Geometry of dyadic polygons I: the structure of dyadic triangles
A. Mućka, A. Romanowska
TL;DR
The paper addresses the classification of dyadic triangles in the dyadic plane $\\mathbb{D}^2$ within the commutative binary mode framework. It shows that every pointed dyadic triangle is isomorphic to a representative hat $T_{i,j,m}$ with odd $i,j,m$ and introduces encoding triples to index pointed-orthogonal isomorphism classes, providing a corrected and streamlined characterization that supersedes earlier results. A key outcome is that two pointed dyadic triangles are isomorphic (with the same orientation) precisely when their encoding triples match, enabling a complete, explicit classification. The results lay groundwork for a broader study of dyadic polygons and their connections to lattice polygons and digital geometry.
Abstract
Dyadic rationals are rationals whose denominator is a power of 2. A dyadic n-dimensional convex set is defined as the intersection with n-dimensional dyadic space of an n-dimensional real convex set.
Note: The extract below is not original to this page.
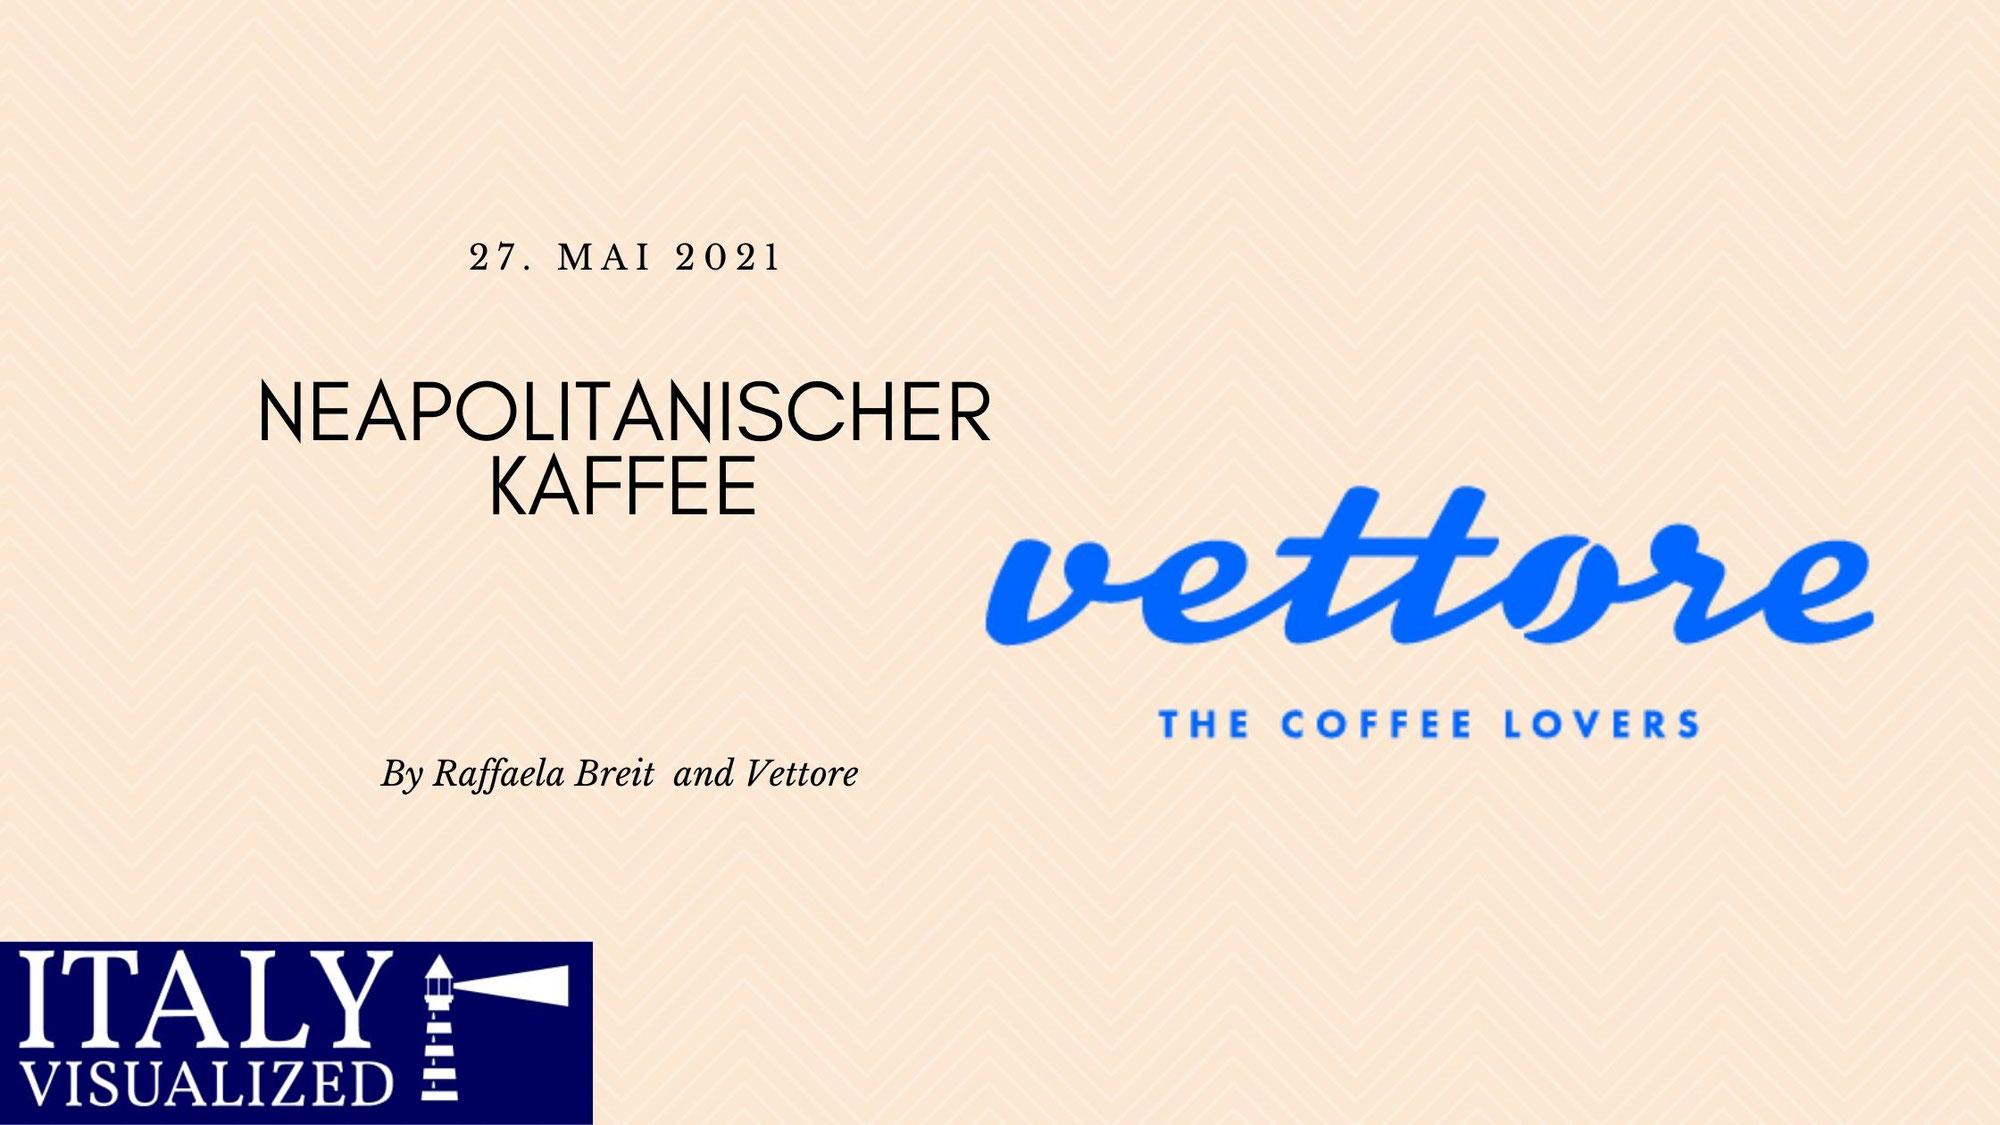 Neapolitanischer Kaffee

Such a dyadic convex set is said to be a dyadic n-dimensional polytope if the real convex set is a polytope whose vertices lie in the dyadic space. Dyadic convex sets are described as subalgebras of reducts of faithful affine spaces over the ring of dyadic numbers, or equivalently as commutative, entropic and idempotent groupoids (binars or magmas) under the binary operation of arithmetic mean. This paper investigates the structure of dyadic polygons (two-dimensional polytopes), in particular dyadic triangles, following some earlier results. A new classification of dyadic triangles is provided. In addition, dyadic triangles with a pointed vertex are characterized.